By Paul Iddon     Aug 7, 2014 in Politics
After displacing tens-of-thousands of Iraqi Christians and Yazidis the Islamic State group appears poised to strike Iraqi Kurdistan's autonomous capital Erbil.
Given the fact that the Kurds have been the most formidable force when it comes to fighting the Islamic State and disrupting their advances one wonders if an attempt by Islamic State to overrun Erbil will constitute their Stalingrad.
Islamic State fighters have displaced by some estimates 250,000 Iraqi Yazidi's and 100,000 Iraqi Christians, a horrific humanitarian crisis in that part of the country. The Kurdish Peshmerga are doing their utmost to confront Islamic State and hamper its advances. Last month the Iraqi Army fled the city of Kirkuk (a city of immense cultural importance to Kurdish nationalists) as Islamic State advanced towards it, the Peshmerga dispatched forces into the city and held the line against those Islamists who consequently halted their advance.
In recent days we've seen the Peshmerga, who are opting to keep up an offensive against the Islamic State to stop that group from consolidating its recent gains and use them in order to mount more advances, clash with Islamic State forces who have been scarily close to the autonomous Kurdish capital Erbil.
But why make an analogy with Stalingrad of all places?
As you know the Battle of Stalingrad historically constituted a that very important turning point in the Second World War when Nazi Germany's massive invasion of the Soviet Union began to suffer major setbacks and the Soviets began to mount their massive counter offensive which eventually saw the Red Army overrun eastern Germany.
In a similar vein to that state-of-affairs any Islamic State attempt to overrun or occupy Erbil will likely have the same affect. The Kurds have had a genocidal campaign leveled against them in the past and we've also seen how callous the Islamic State has been with civilian lives. They will be ruthless in any attempt to overrun the city and probably wouldn't hesitate in leveling it. However the Kurds will doubtlessly be ferocious when it comes to defending their autonomous capital since they are on home turf and will, as the Soviets did in Stalingrad all those years ago, engage the invaders in a street-by-street battle until either they are all killed by the attackers, or their attackers are defeated or repelled.
And they are already preparing for this possible eventuality. In a must read report recently published on McClatchy DC one important Kurdish military commander was quoted explaining that,
“Daash [the Arab term for IS] is testing our defenses. And if we don't show them we are strong here, then we have lost Erbil.”

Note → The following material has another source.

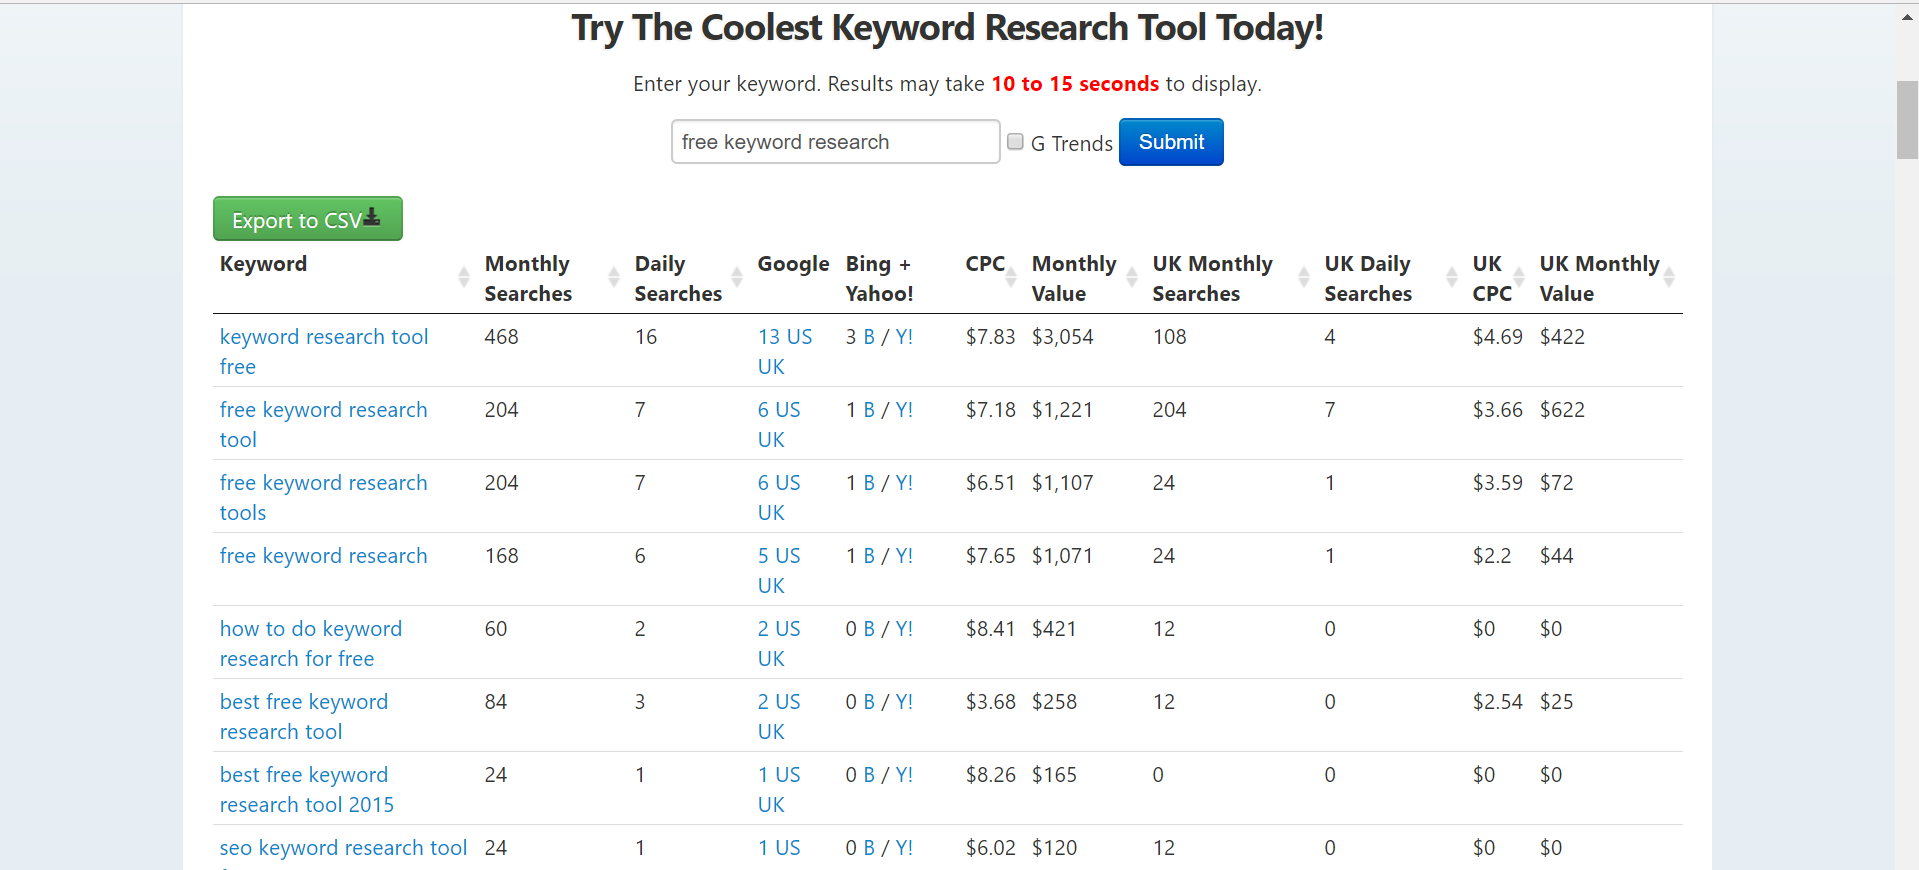 6 Top Free Keyword Research Tools of 2017

Peshmerga fighters in their hundreds are readying to hold the line against Islamic State fighters establishing berms to slow any potential offensive Islamic State launch. This would be another blow to Iraq by Islamic State given the fact that the Peshmerga have been the only troops out combating these guys from the get-go while Baghdad struggles to establish and implement a coherent strategy to combat this threat.
The present administration in Washington believes that this needs to be solved politically. While the Iraqi government needs serious reform in order to function, and command the military, effectively the overall solution to Islamic State is largely a military one. Letting a group more dangerous than al-Qaeda overrun steadfast allies like the Kurds wouldn't be an appropriate way of neglecting to help the present government in Baghdad as punishment for its unproductive governance. But instead would constitute acquiescence to an extremely violent terrorist threat that will only worsen as long as this group has continued success in their Northern Iraq campaigns.
Merely "considering" (which is all the Obama administration is indeed doing at this time) helping allies like the Iraqi Kurds is not enough given the threat they are facing. After helping incubate a successful Kurdish region in Iraq by shielding them from the genocidal regime of Saddam Hussein from 1991 until the 2003 intervention it would be quite deplorable for the Obama administration to now sit on the sidelines and only consider helping them – and indeed only consider providing humanitarian aid to those thousands of aforementioned displaced and endangered minorities – in a defensive fight against these reactionary forces. Especially given the clear reality that this isn't just a provincial issue which affects only Northern Iraq and its inhabitants. Every Islamic State success on the battlefield and every community they uproot will only give them more momentum when it comes to launching even more terrorist attacks and campaigns of systematic massacres wherever they can.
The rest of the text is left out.